BEGIN The data

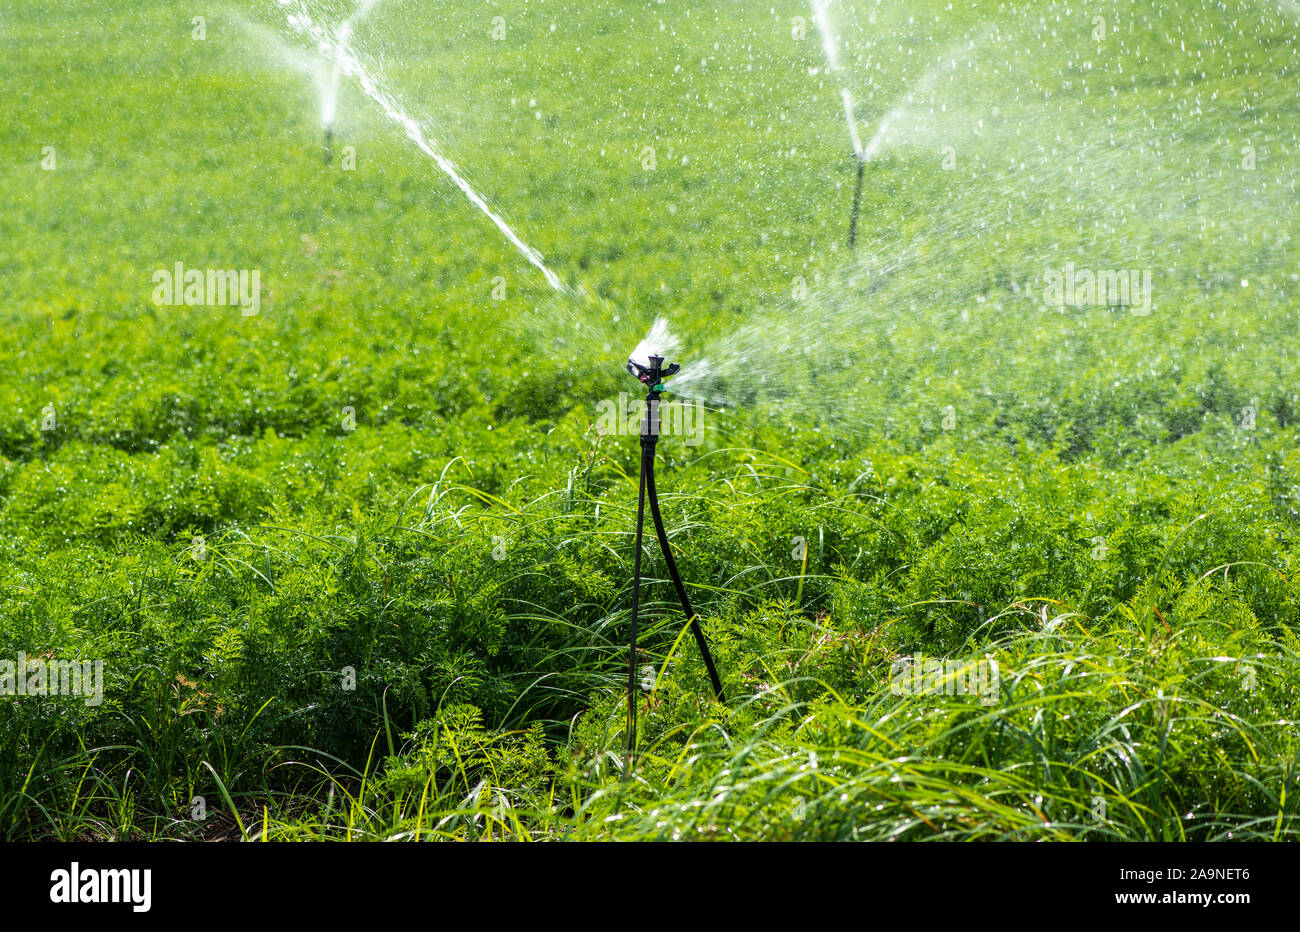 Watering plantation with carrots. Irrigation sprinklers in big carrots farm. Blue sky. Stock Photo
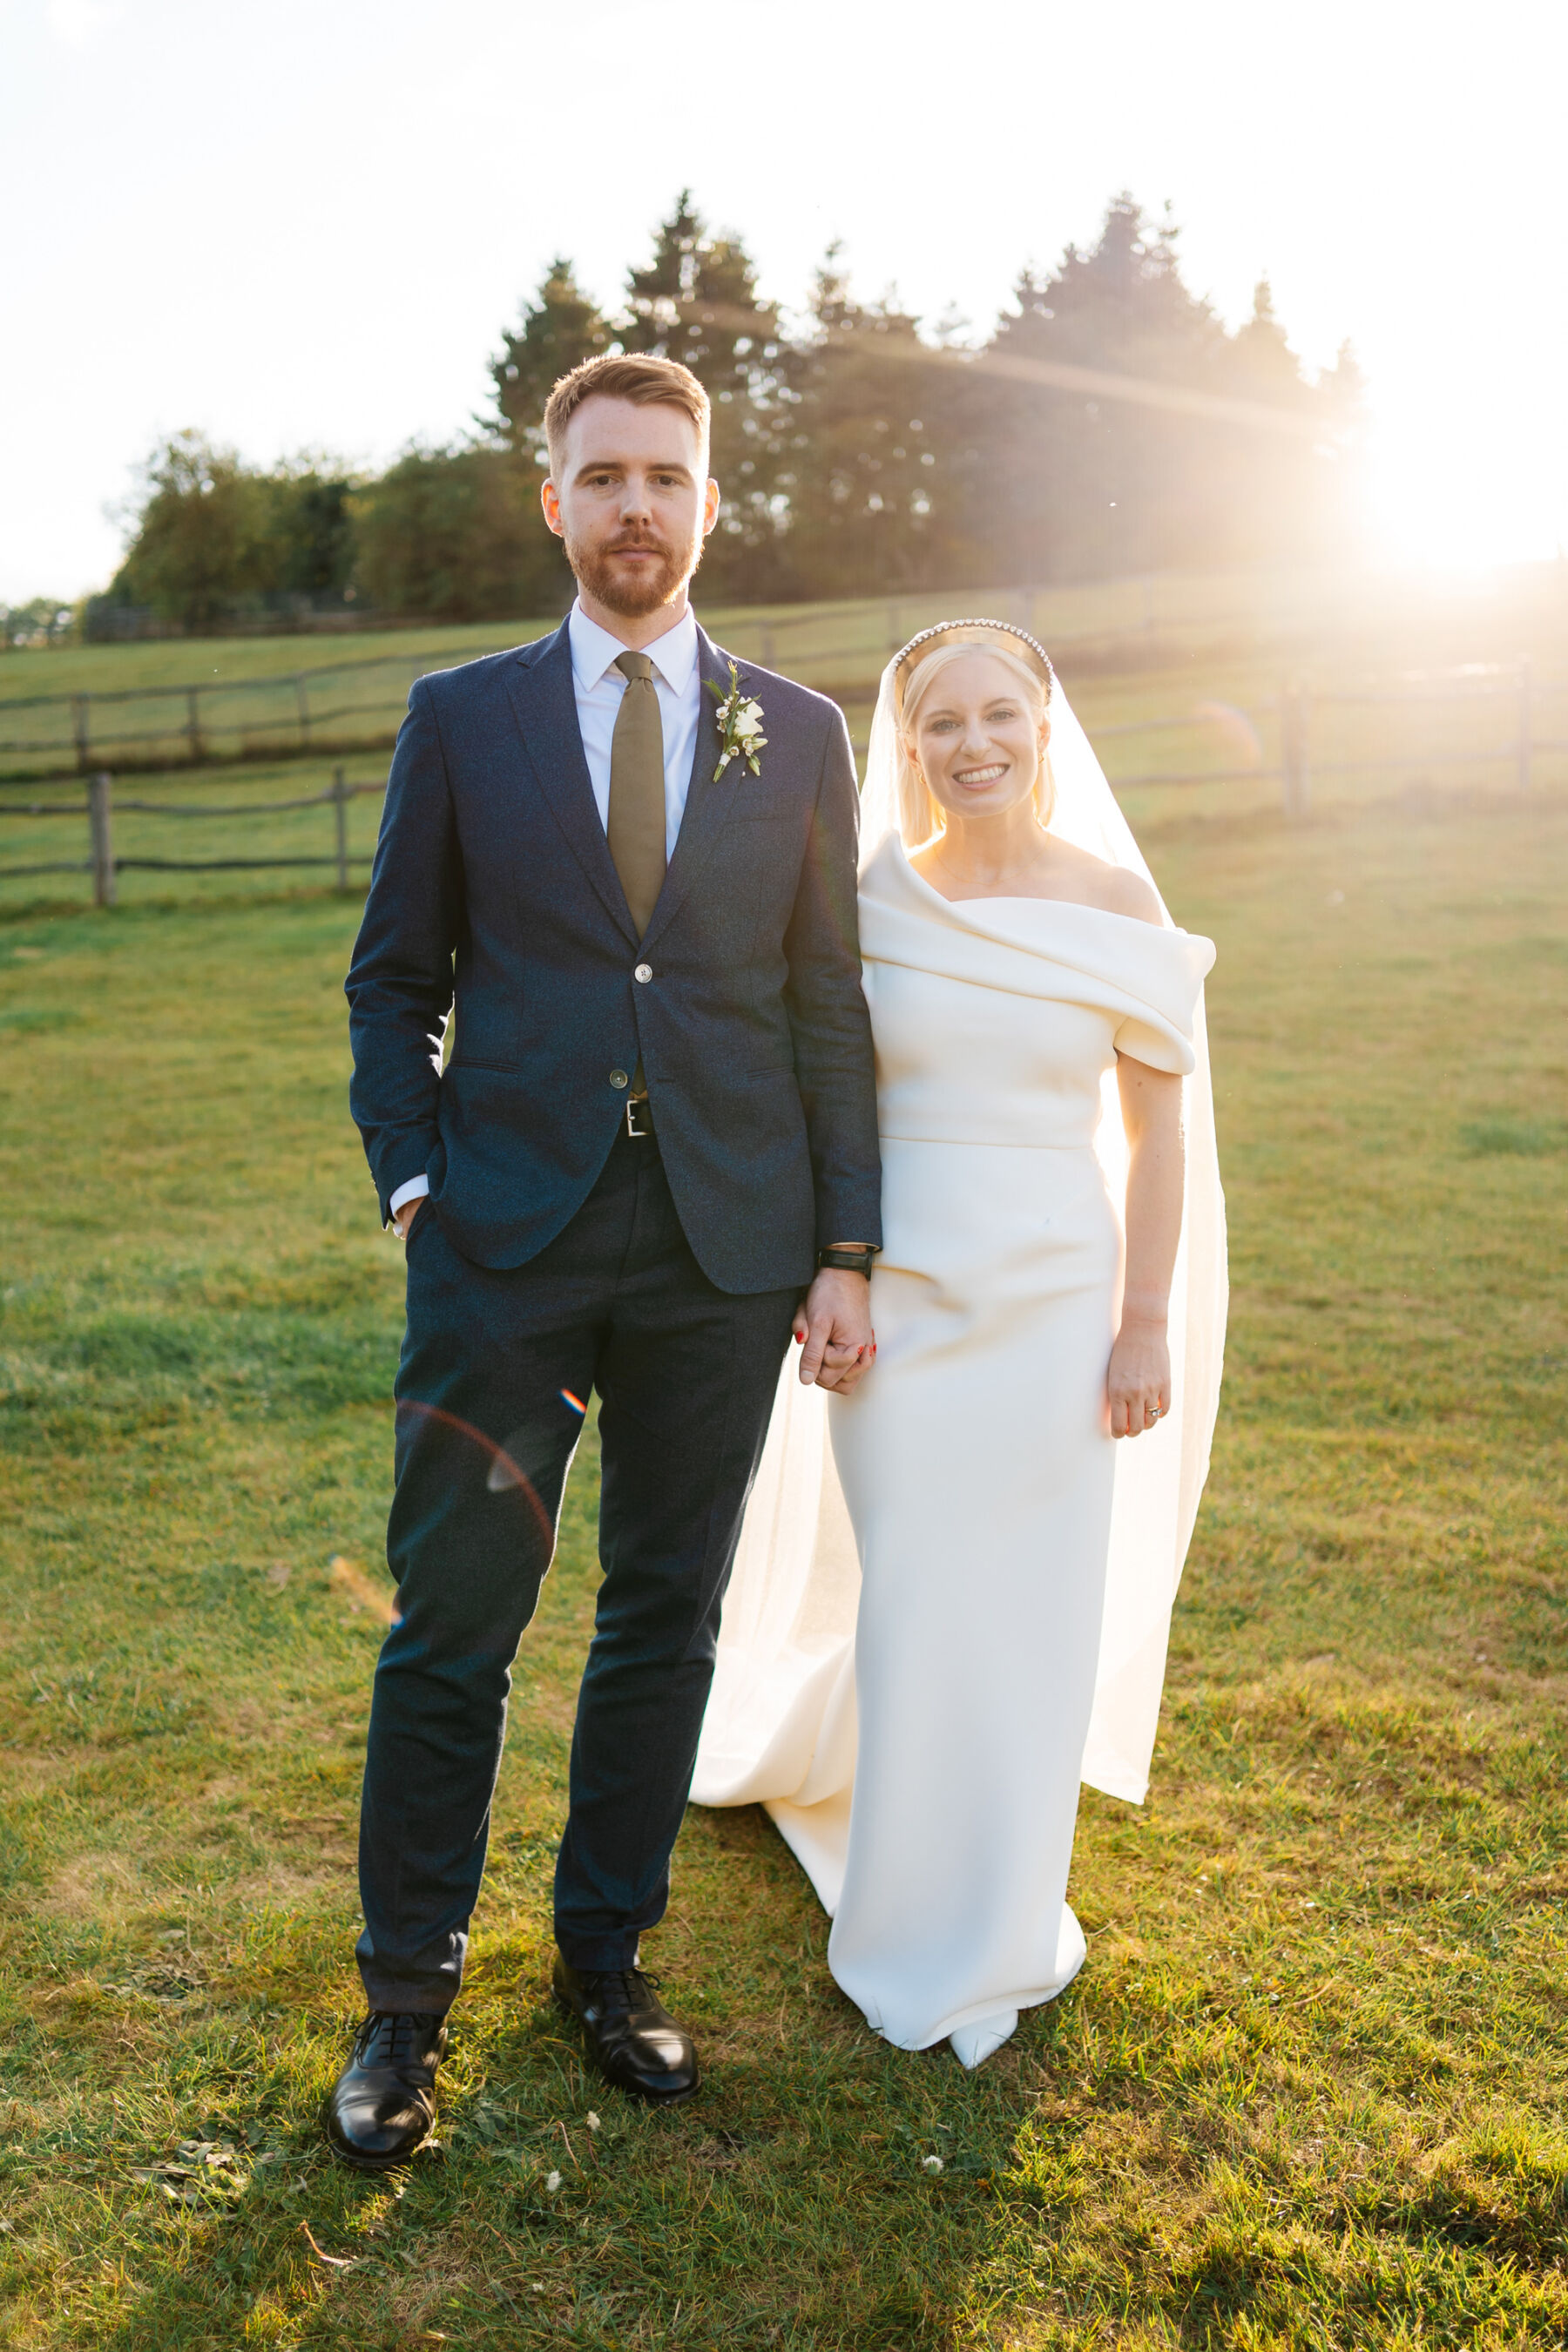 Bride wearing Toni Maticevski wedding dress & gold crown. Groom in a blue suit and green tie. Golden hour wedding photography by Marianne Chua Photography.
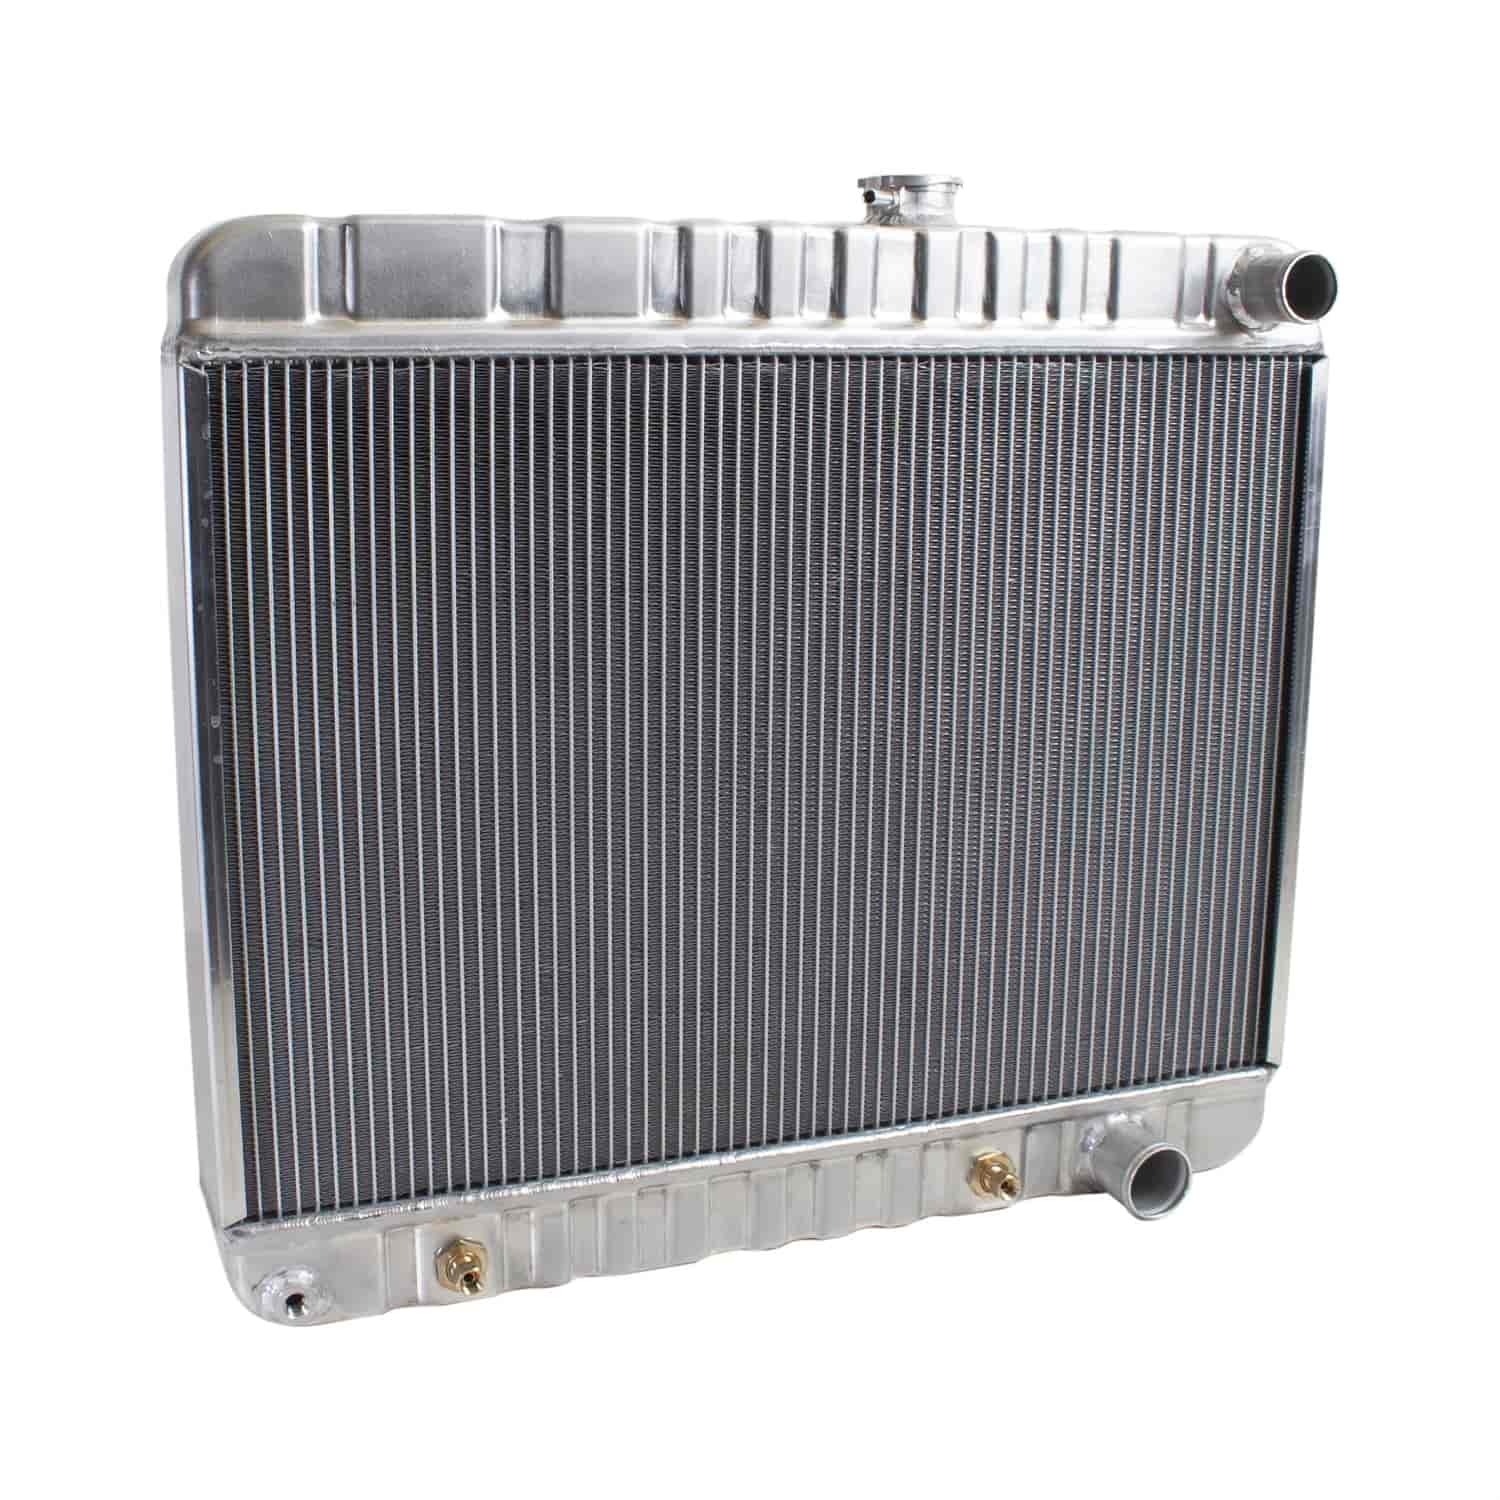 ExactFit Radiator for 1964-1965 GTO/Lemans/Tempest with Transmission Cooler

END The data

Write out exactly the lines from the one that contains "Bride wearing Toni" through the last line of the data above, both included. Leave every picture out.

 Bride wearing Toni Maticevski wedding dress & gold crown. Groom in a blue suit and green tie. Golden hour wedding photography by Marianne Chua Photography.
 ExactFit Radiator for 1964-1965 GTO/Lemans/Tempest with Transmission Cooler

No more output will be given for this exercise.